What business problem does Like acquisition solve?

This is a question a brand planner friend of mine inadvertently asked during a recent discussion. It’s since struck me that there are a few issues it uncovers that are in some sense trivial but I think worth discussion. I think the major distinction between the normal application of strategic planning to solve business problems and the building of Facebook communities in an immediate sense is that the building of the community doesnt directly solve the same business problem. It is merely an asset that can be leveraged to solve the same business problem the communications strategy seeks to solve increasingly into the future. Its an obvious point but as an owned channel it is a pipeline through which the broader communications strategy can get to market as it is built and gains scale.

Potentially though there is a broader business problem that building Facebook communities achieves. Which is the need for brands to build their own communications channels populated by advocates, which can subsequently advocate to their friends, driving penetration, because consumers are increasingly hard to reach and are generally indifferent to advertising given the oversupply of un-engaging branded communications.

So in effect it doesn’t solve that same problem, but can be used to in the future. However it does solve a broader problem being the brands increasing inability to effectively reach consumers, which advocacy activation can assist in solving.

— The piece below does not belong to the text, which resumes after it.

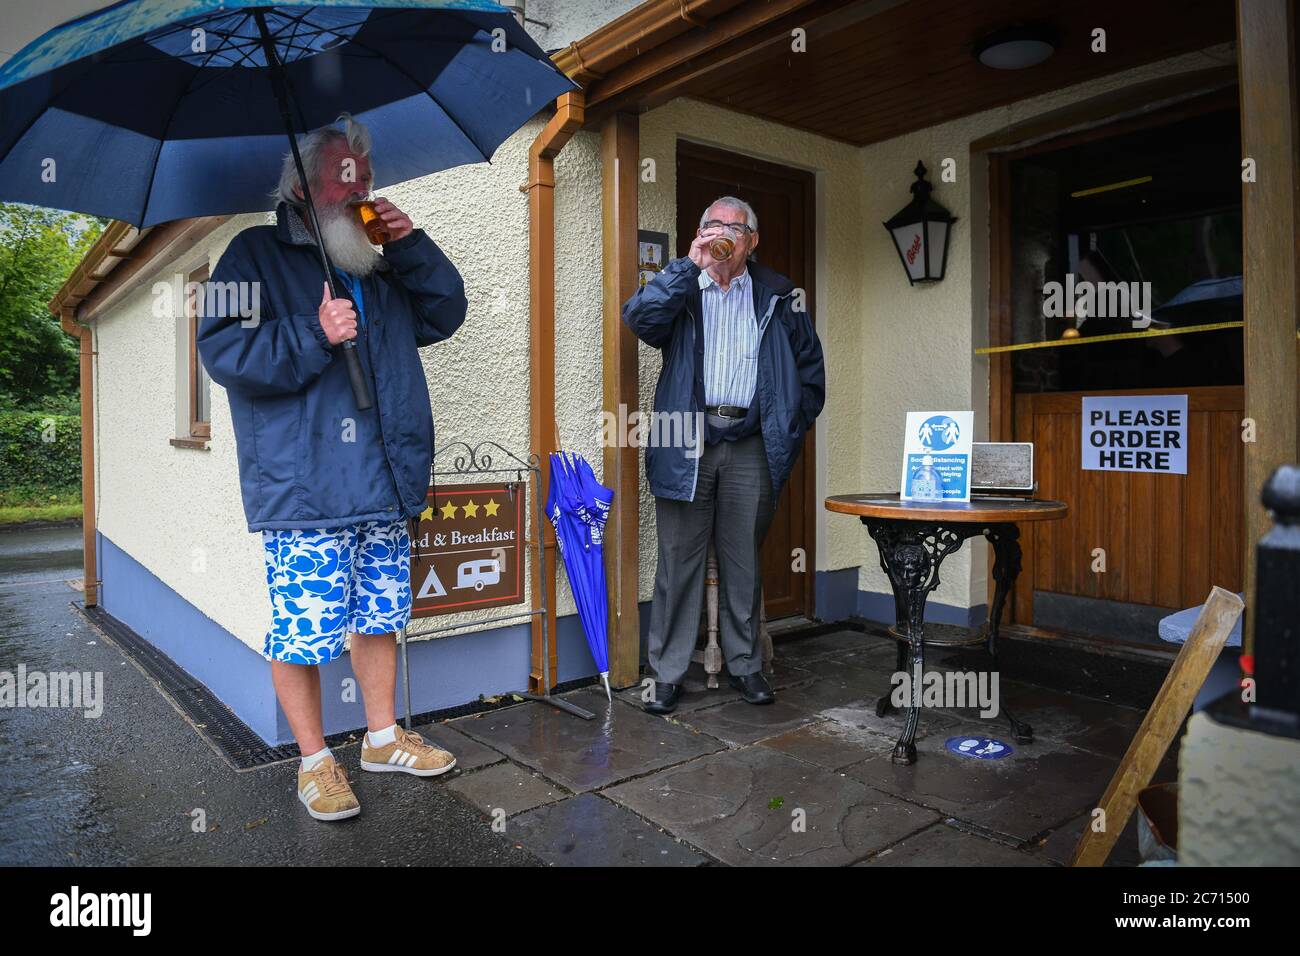 Brecon Beacons, Wales, UK. 13th July 2020. Locals at the Ancient Britton pub in the village of Abercrave in the Brecon Beacons, enjoying their first drinks in weeks, as bars open for outdoor service across Wales for the first time since lockdown closure. Credit : Robert Melen/Alamy Live News Stock Photo

One way to create advocacy – enable fans to give to their friends

In digital marketing of any form there is a constant eye kept on what value we are adding to users and how we are incentivising them to engage with or participate with branded initiatives. The incentives can be many and in many social media initiatives takes the form of free stuff. In digital executions it involves positive user experience or entertainment. But an incentive that is central to the idea of social media is that of making kudos available to the initial user. If you can not just give someone something directly but allow them to derive social kudos as a result of participating in the brands initiative that is much stronger than rewarding them individually.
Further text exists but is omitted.